Analysts say Kerjaya Prospek’s Tee brothers’ E&O takeover provide unattractive however honest, advise holders to simply accept
KUALA LUMPUR (March 29): The proposed takeover of Jap & Oriental Bhd (E&O) by the Tee brothers from Kerjaya Prospek Group Bhd is unattractive however honest, and shareholders ought to due to this fact settle for the provide, analysts stated.
Affin Hwang Capital analyst Loong Chee Wei stated in a notice at the moment that he believes the 60 sen buyback worth is cheap given the excessive implied price-earnings ratio (PER) as of March 31. 2022 (FY22) by 28 instances and a tricky outlook for E&O as a frontier. closures stay, affecting gross sales of its high-end residential initiatives.
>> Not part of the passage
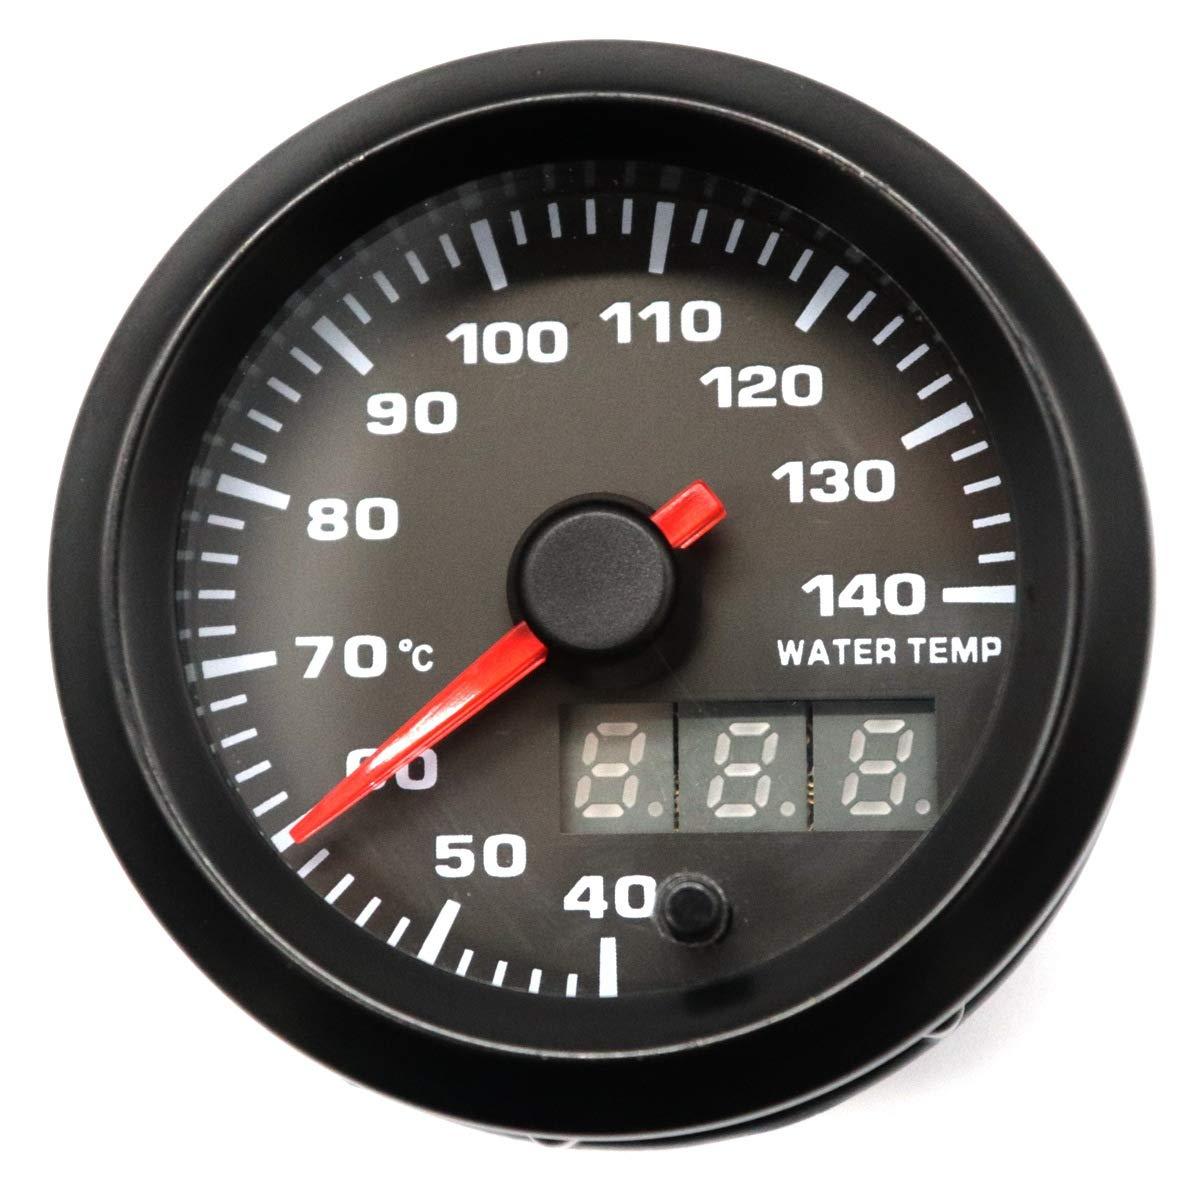 HERCHR Car 12V 52MM 2 Inch LED Backlight Water Temperature Meter, 40~140°C With Sensor, Black

“Nevertheless, the redemption worth is at a worth / pound [ratio]0.5 instances and worth / revalued internet asset worth (RNAV) 0.3 instances.
“Regardless of the excessive worth of E&O on the repurchase worth, its belongings, such because the Seri Tanjung Pinang Part 2A (STP2A) land, will solely be monetized in the long run via the event of its land financial institution”, he added.
He beneficial accepting the buyback following the sturdy outperformance of the share worth, with the outlook for E&O remaining troublesome.
“We imagine that their possibilities of efficiently buying greater than 50% of the capital are excessive. Main shareholders resembling Urusharta Jamaah (with a 6.6% stake) and GK Goh (5.9%) have decreased their stakes and we suspect they might settle for the takeover bid ”, a- he declared.
He saved his name “on maintain” on the title and raised his goal worth (TP) to 60 sen from 44 sen.
RHB Analysis Institute analyst Loong Kok Wen additionally suggested traders to simply accept the takeover bid.
“The provide worth of 60 sen represents a 9.7% premium over the five-day quantity weighted common worth (VWAP), a price-to-book (P / BV) worth of 0.49 instances and a 78% RNAV low cost.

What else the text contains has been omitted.